The individuals in this test group were then asked to discuss what they thought each item meant to ensure that it was being read as intended. Examples of items deleted based on the cognitive interviews include “Many people can take care of their own asthma with the help of a doctor (T/F)” and “Most children with asthma come from poor homes (T/F).”
Based on information from the expert review and cognitive interviews, three new items were constructed, 26 items were retained without changes, 24 were modified, and nine items were deleted. This resulted in a new pool of 52 questions.
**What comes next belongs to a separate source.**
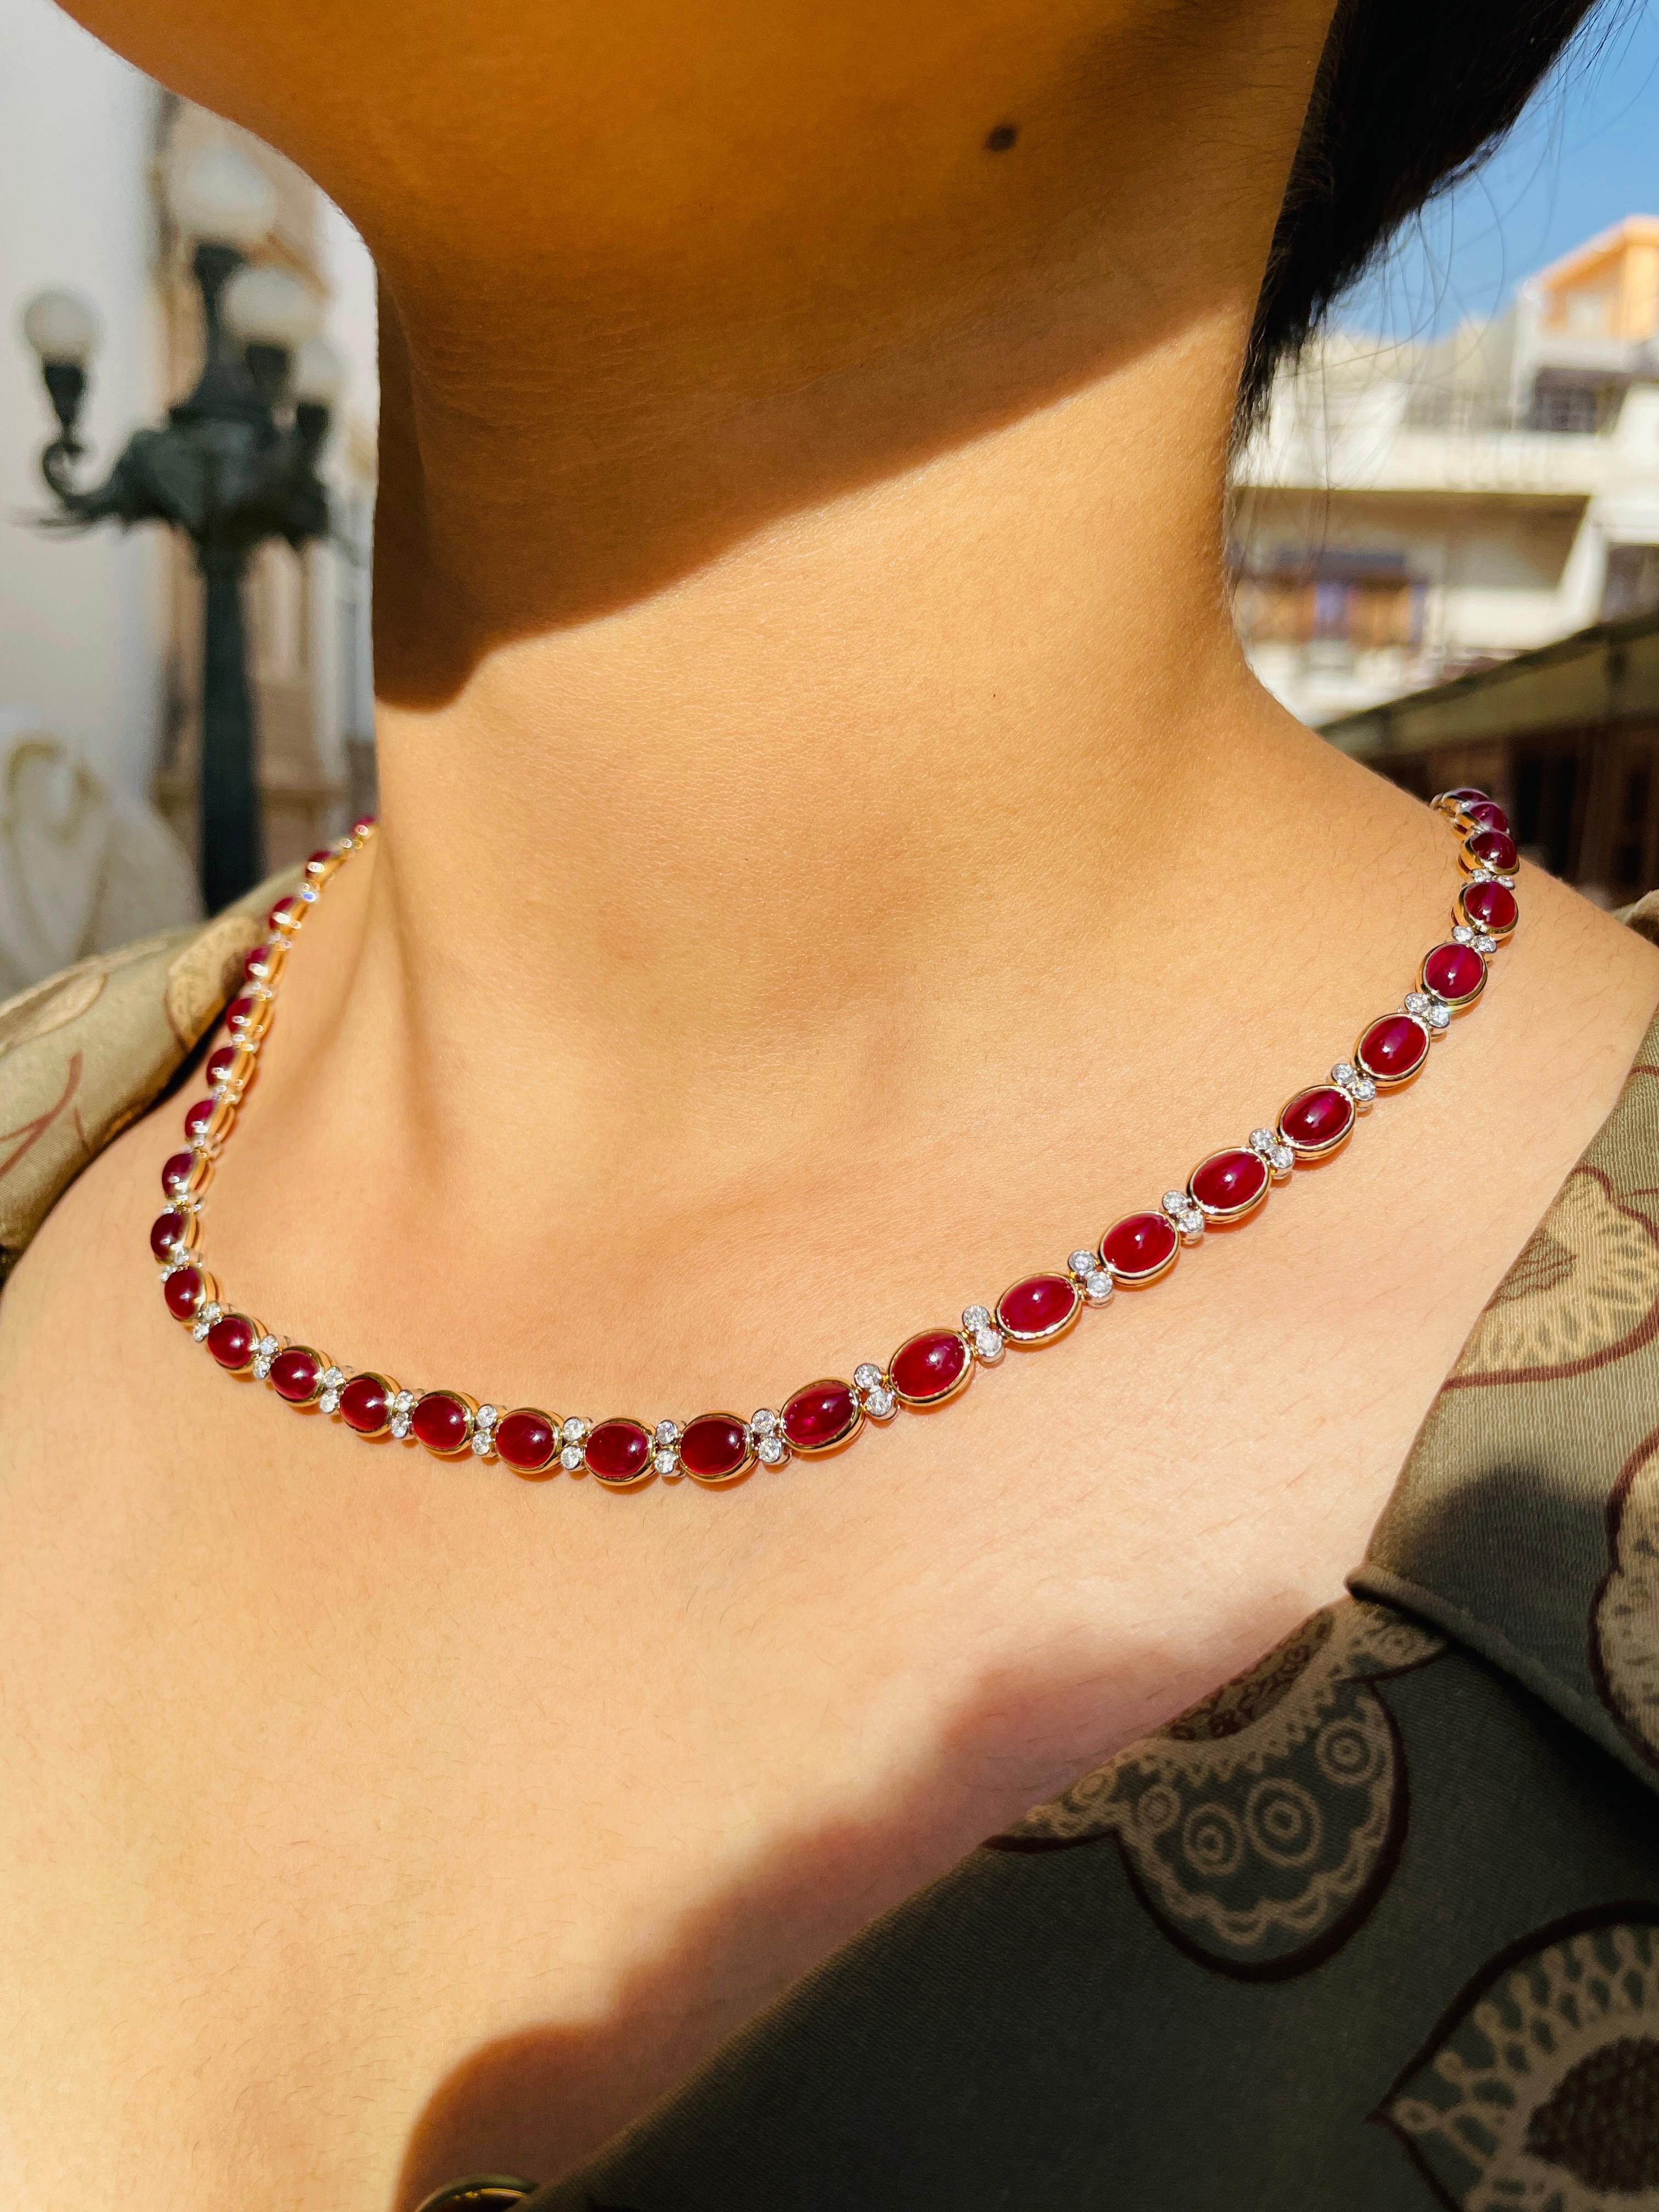 Ruby Necklace in 18K Gold studded with oval cut ruby gemstone pieces and diamonds.
Accessorize your look with this elegant ruby beaded necklace. This stunning piece of jewelry instantly elevates a casual look or dressy outfit. Comfortable and easy

Step 3: Item Performance Measurement
This new pool of items became the survey for quantitative item performance measurement. Two samples were used for this phase of testing. First, data were obtained from the community-drawn convenience sample described above (n = 83). In addition to participating in the cognitive interviews, these individuals were also asked to complete self-administered surveys. A larger sample was also obtained via a random-digit dialing telephone survey of the Chicago area, using residential telephone numbers purchased from a commercial vendor (SDR Sampling Services; Atlanta, GA). For this telephone survey, a total of 222 respondents aged > 18 years were interviewed. canadian health & care mall
The purpose of this step was to ensure that responses to the items in the final survey did not manifest floor and ceiling effects, and would manifest sufficient variation to allow differentiation across segments of the population. For these reasons, items to which the two samples provided uniform responses were candidates for exclusion. After examining the distribution of SDs for the responses, a numerical decision rule for exclusion was adopted. Likert scale items with SDs < 0.95 were deleted. For binary response items (true/false or yes/no), “don’t know” responses were assigned a numerical value for calculation of a mean and SD. Items with an SD < 0.4 were deleted. Frequency distributions were also used to eliminate certain items based on the floor/ceiling of the responses. In general, items with responses > 80% at the highest or lowest values were deleted. In addition to deleting items based on uniform responses, several items were excluded because of extreme variability in the responses, suggesting unclear wording of the questions. Examples of the 22 items deleted as a result of this quantitative item performance measurement step are seen in Figure 2.
Figure 2. Examples of item reduction based on quantitative item performance measurement (Steps IIIA and IIIB) during development of the Chicago Community Asthma Survey (CCAS-32).